Membranes have been proposed to separate CO2 from other components in effluent gas streams. The recovery of carbon dioxide from effluent gas streams is propelled by multiple factors including the industrial carbon dioxide market, enhanced oil recovery (EOR), and governmental and industrial efforts to reduce greenhouse gas emissions reduction.

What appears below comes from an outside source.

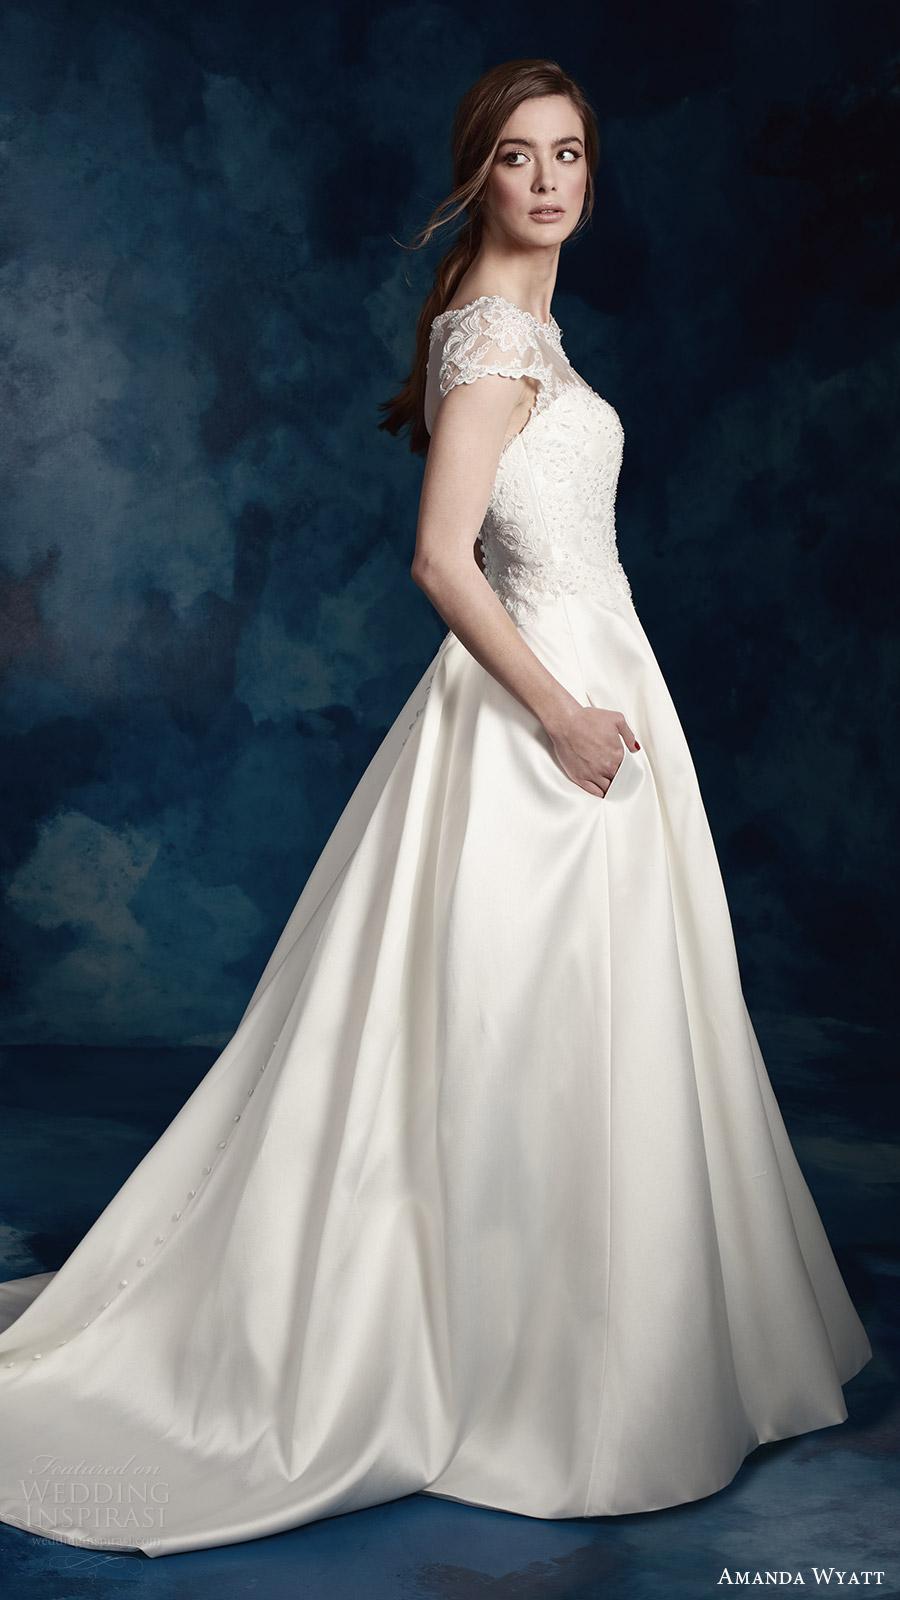 amanda wyatt bridal 2017 cap sleeves sweetheart illusion jewel a line wedding dress (wren) sv pockets train romantic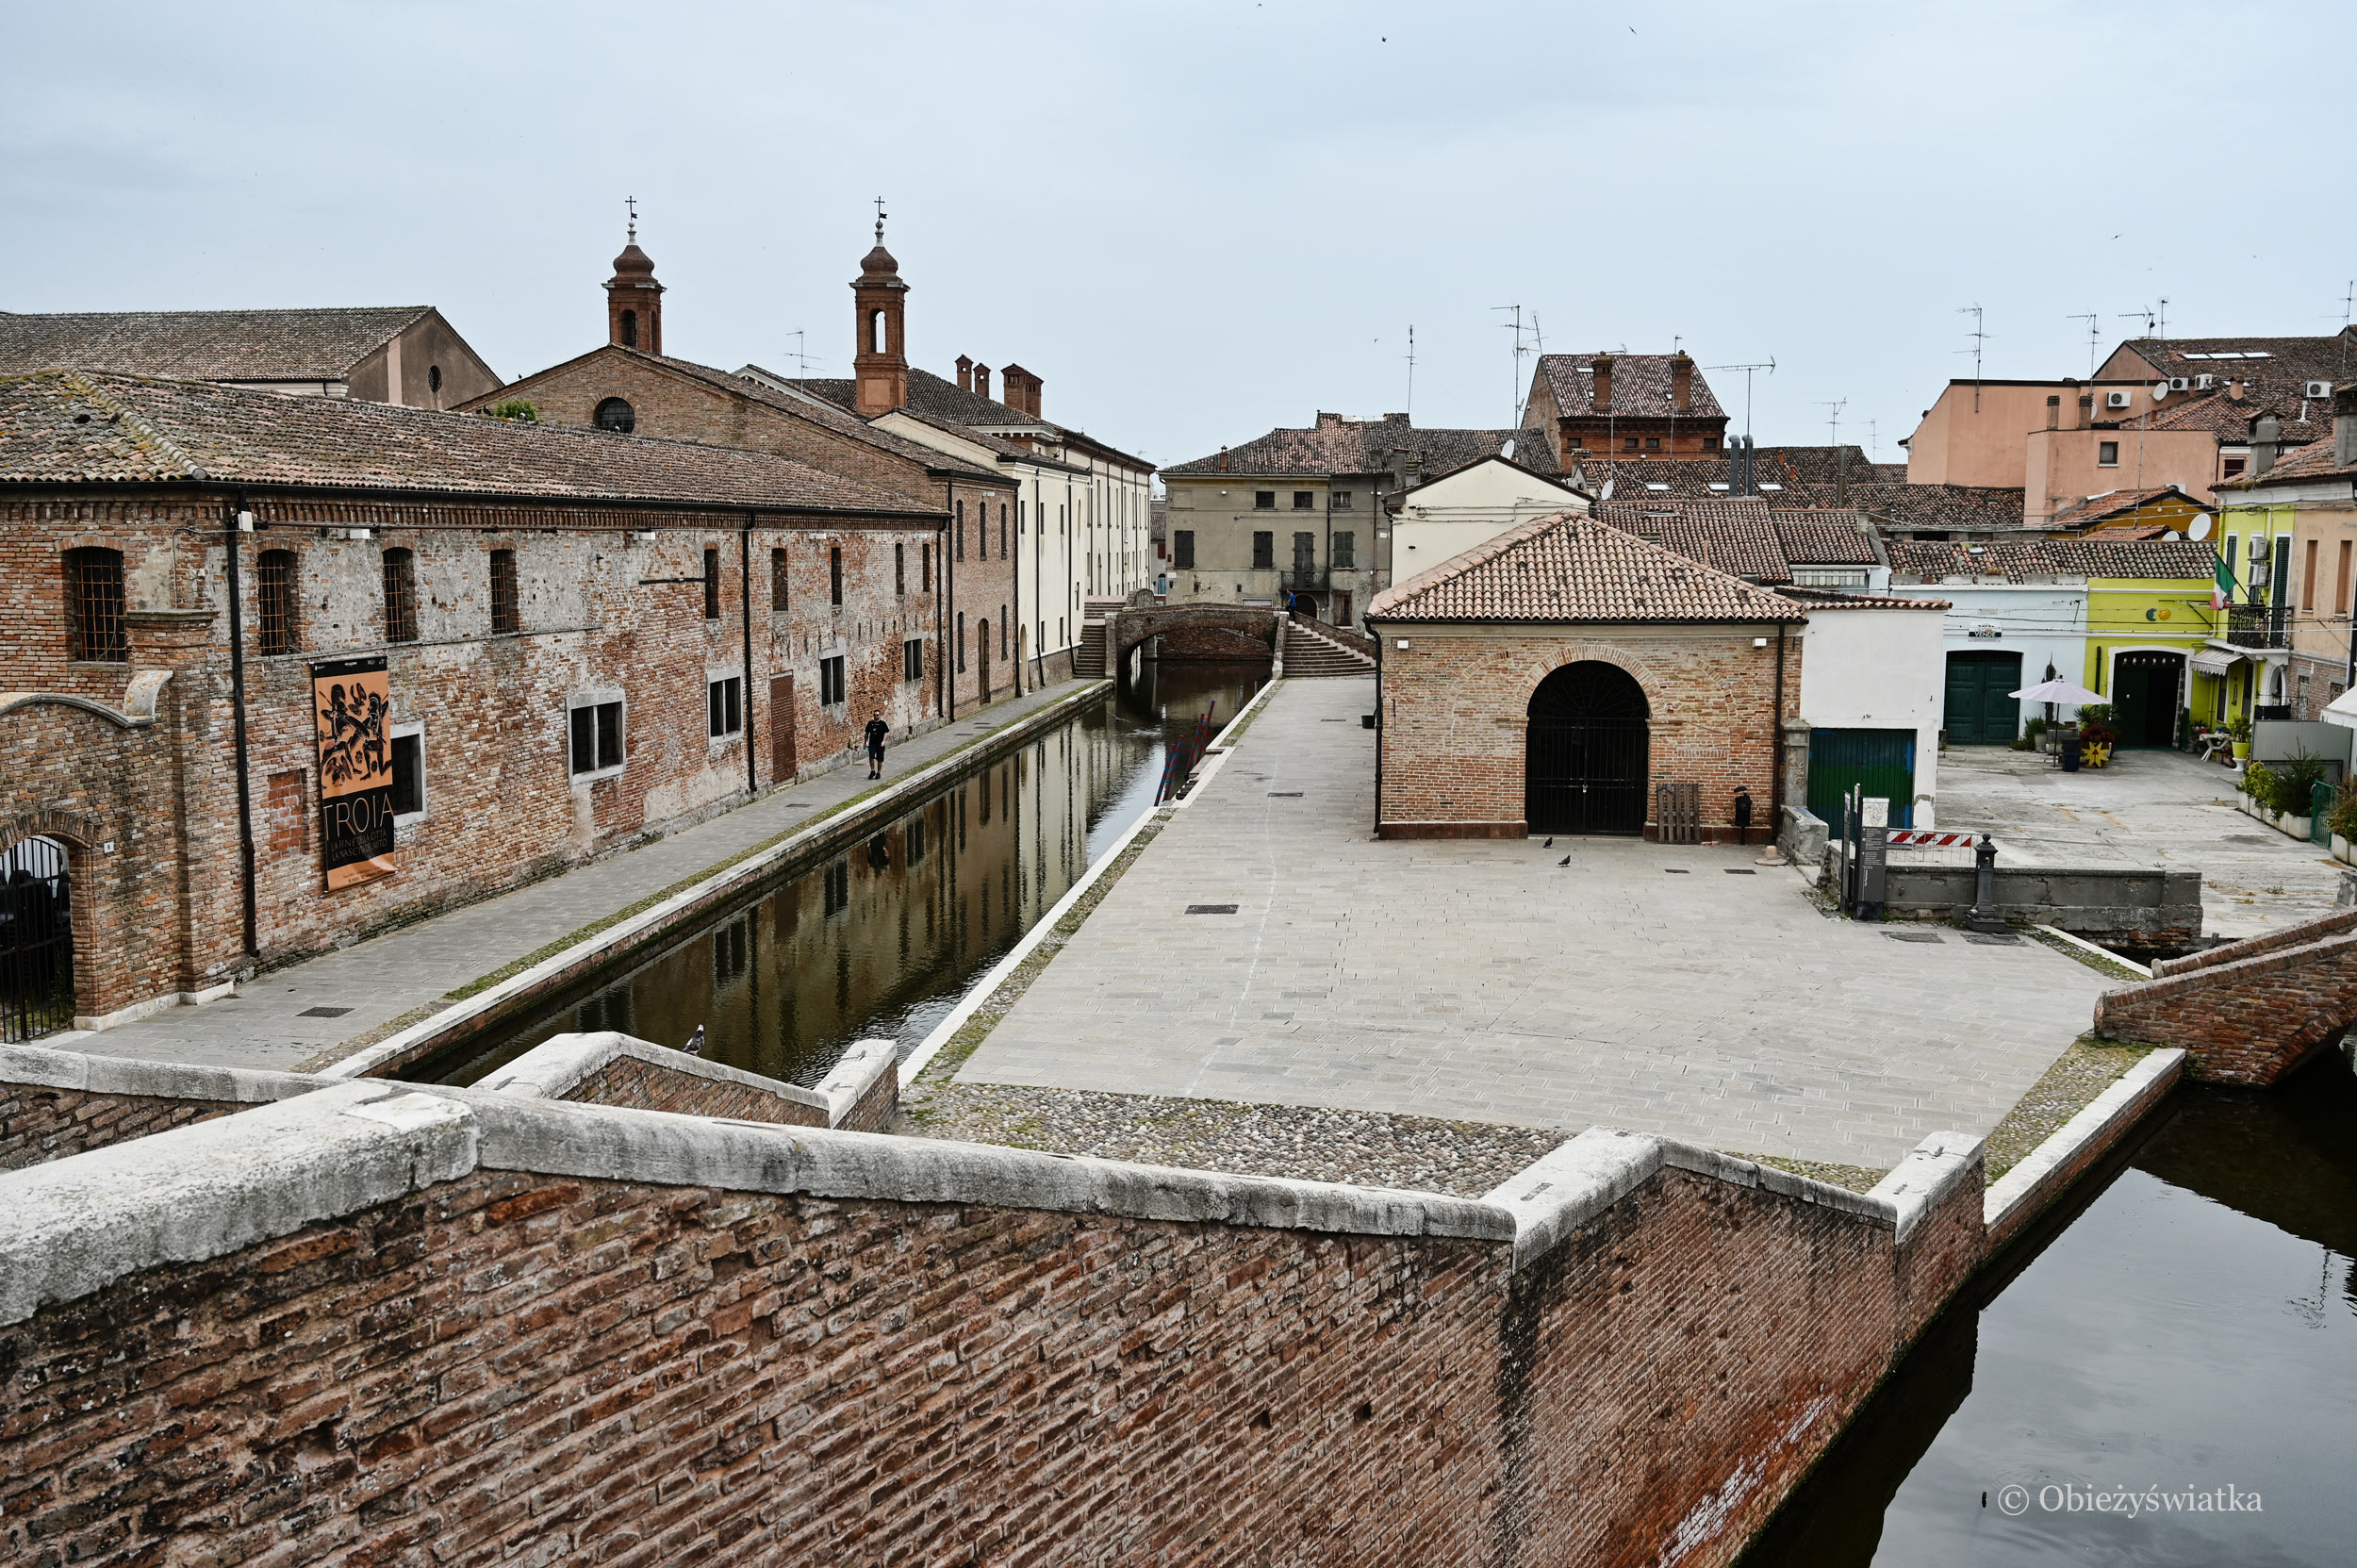 Comacchcio - widok na miasto z mostu Trepponti

Many methods exist to remove CO2 from other components in effluent gas streams. When the effluent gas streams contain a high amount of CO2, the stream may be cooled to provide a liquid CO2 product. When the effluent gas streams contain a low amount of CO2, various methods have been used to increase the CO2 content prior to cooling, such as membrane separation or adsorption. Often when multiple methods are used, integration of the two methods to obtain more efficient energy savings has been overlooked. For example, U.S. Pat. No. 4,639,257 discloses recovery of carbon dioxide from a gas mixture using membrane separation and distillation. However, each step is effectively performed in isolation, with temperature and pressure adjustments before each membrane and distillation process. As disclosed in the '257 patent, the gas temperature and pressure for membrane separation is approximately 300 K (26.85° C.) and approximately 28 bar, respectively, whereas that for distillation is approximately −3° C. (270.15 K) to −40° C. (233.15 K) and approximately 1 to 3 bar, respectively. The energy requirements for such a process make it inefficient.
According to the U.S. Department of Energy, no current technology removes at least 90% of the CO2 from flue gases of existing pulverized coal (PC) power plants with less than a 35% increase in the cost of electricity. [DOE 2007]. The need remains for an economical, integrated CO2 recovery process.